Stretching for Good Healthcare
By: Jane Brooks LPTA
Orthopaedic Rehab Specialists - Holt Clinic
Gentle stretching before a workout or work day can go a long way in preventing injuries. Some of the important benefits from stretching are: reduced muscle tension, increased range of movement in the joints, enhanced muscular coordination, increased circulation of the blood to various body parts, and increased energy levels.
Stretching keeps muscles flexible and healthy to maintain joint motion. Without it, muscles shorten and become tight, making bodies more prone to injury when being called into certain activities such as lifting, twisting, carrying, or reaching.
Many people feel they do not have the time to improve fitness. Stretching should be a part of your daily routine, whether you exercise or not. It can be done in small increments throughout the day. You can stretch before getting out of bed, waiting for your coffee to brew, or even standing in line at the grocery store. It can be done anywhere at any time.
Stress can cause muscles to contract, leaving you feeling tense and uneasy. Stretching aids in the release of endorphins, a natural body substance that helps you feel joy, serenity, and can help reduce stress levels. Stretching can also be a great way to break the mid-afternoon fatigue syndrome. When we feel lethargic, our muscles tighten. Taking an afternoon stretch break will loosen muscles; helping to combat that tired, worn out feeling.
Stretching can also improve posture.Tight muscles can pull parts of your body from their intended positions. Keeping your muscles stretched and loose, especially through the back and torso, can help alleviate pain, headaches, and allow you to stand taller. Stretching increases blood flow to your muscles to help reduce post-exercise soreness, recovery time, and improve overall health.

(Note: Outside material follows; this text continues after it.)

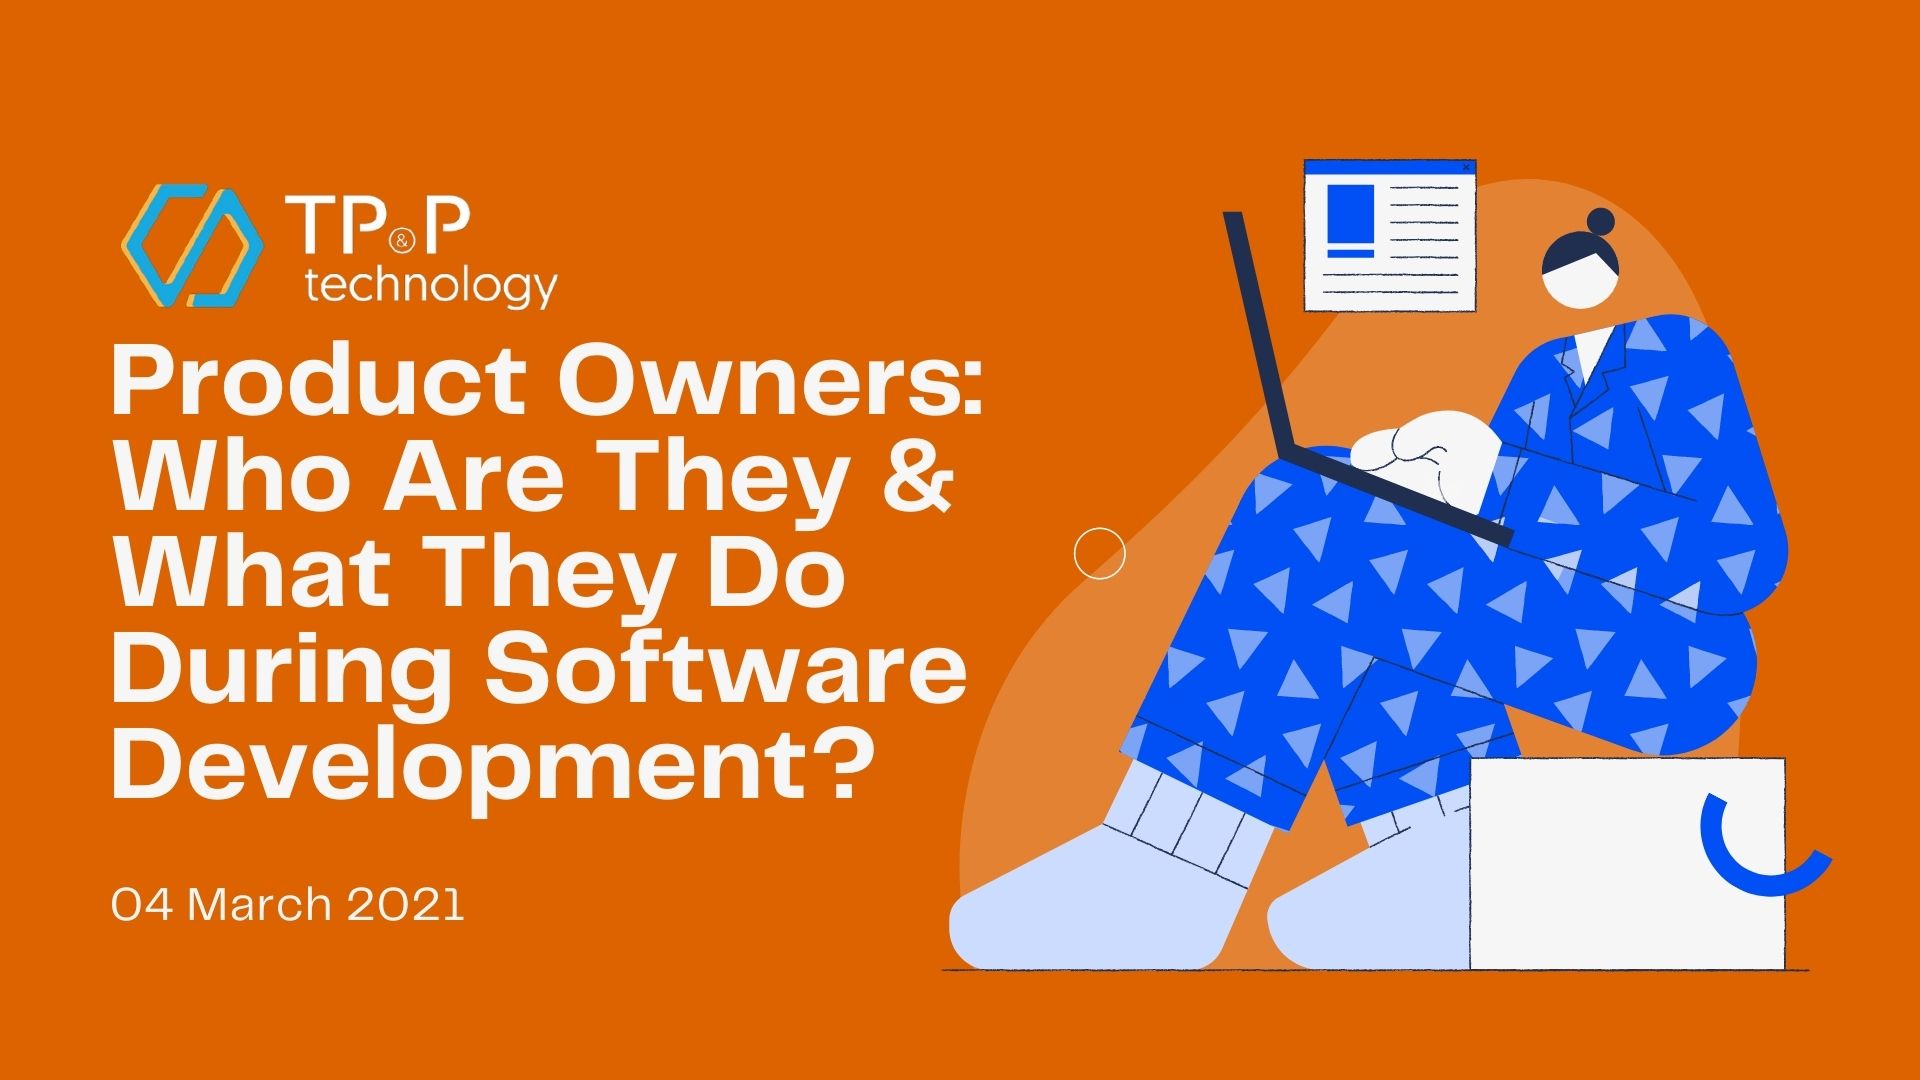 Product Owners: Who Are They & What They Do During Software Development?
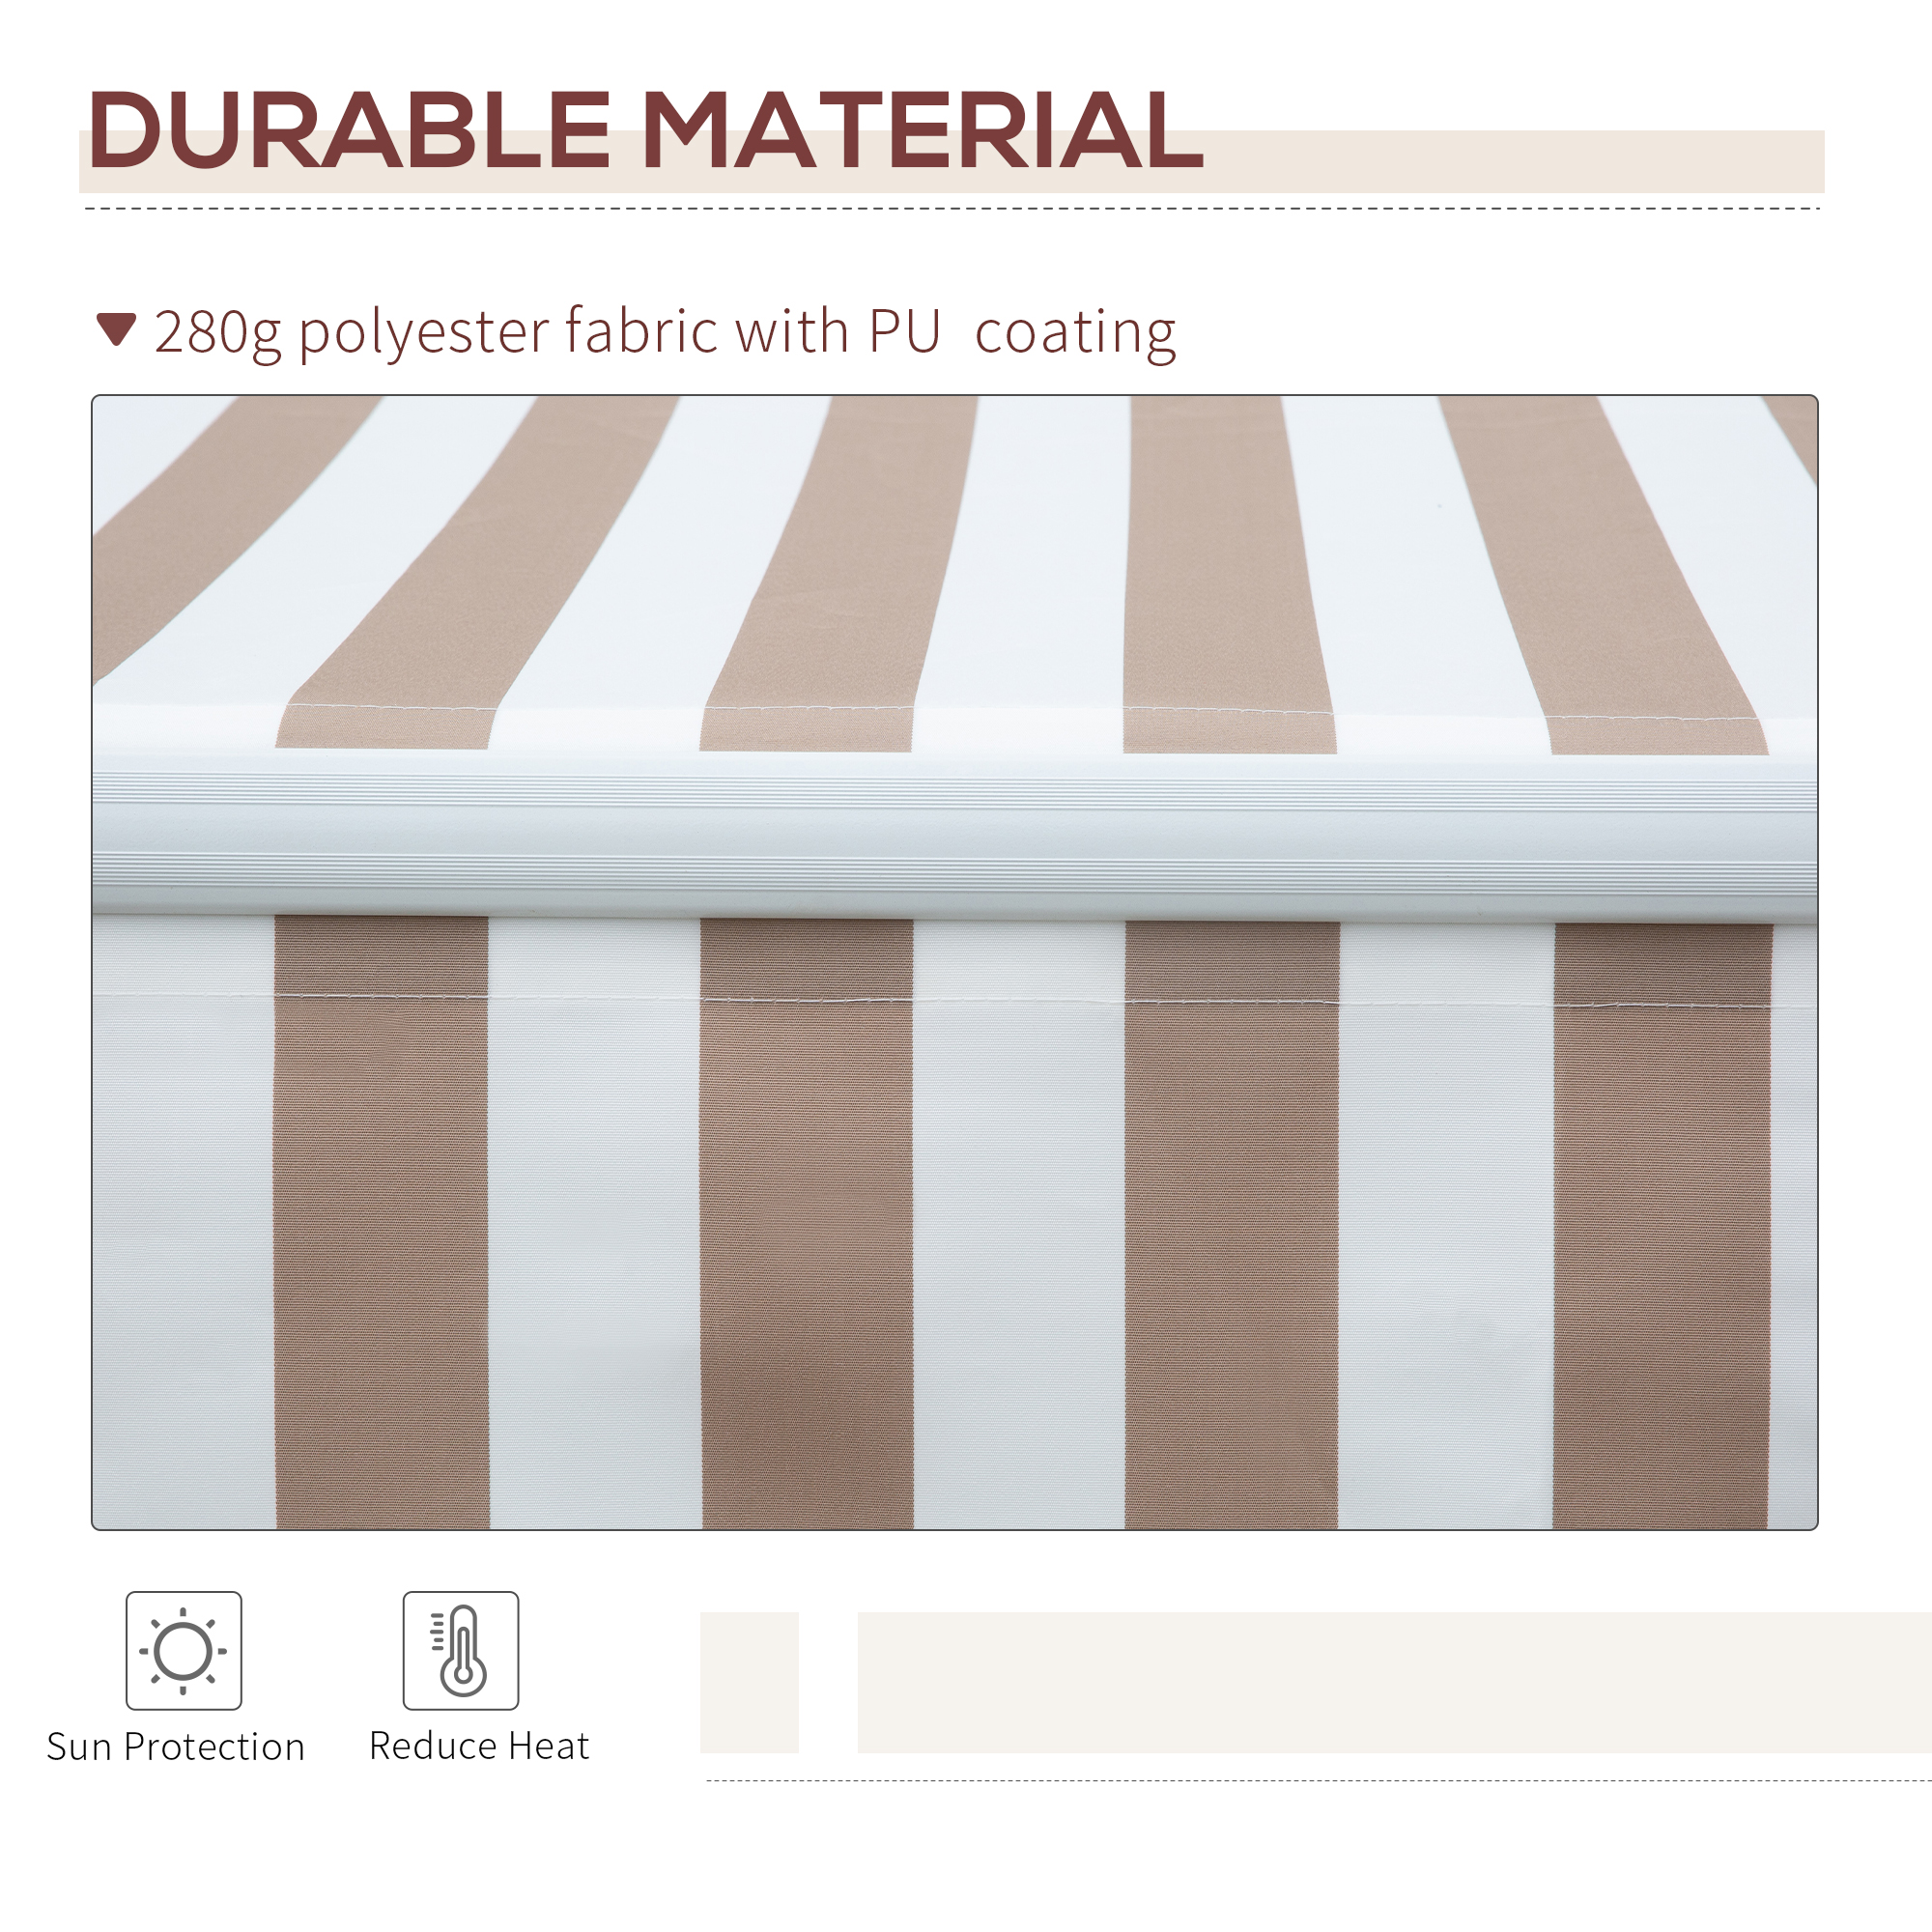 Outsunny 12' x 8' Retractable Awning Patio Awnings Sun Shade Shelter with Manual Crank Handle, 280g/mÂ² UV & Water-Resistant Fabric and Aluminum Frame for Deck, Balcony, Yard, Beige - image 3 of 9

Be sure to warm up for about 5-10 minutes with a low intensity exercise, such as jogging in place, walking, or jumping jacks. Focus on your major muscle groups: calves, thighs, hips, back, shoulders, and neck. Make sure to stretch both sides. Stretch with a smooth movement without bouncing and hold for approximately 30-60 seconds. You should feel tension, but not pain.
Last, but not least, try thinking of stretching as a special time for quiet, relaxation, meditation, or time to yourself.
Most of us feel too busy to make time for ourselves. Remember, stretching can relax, revive, and refresh our bodies. Knowing you are doing something good for your body is the first line of defense in overall good healthcare.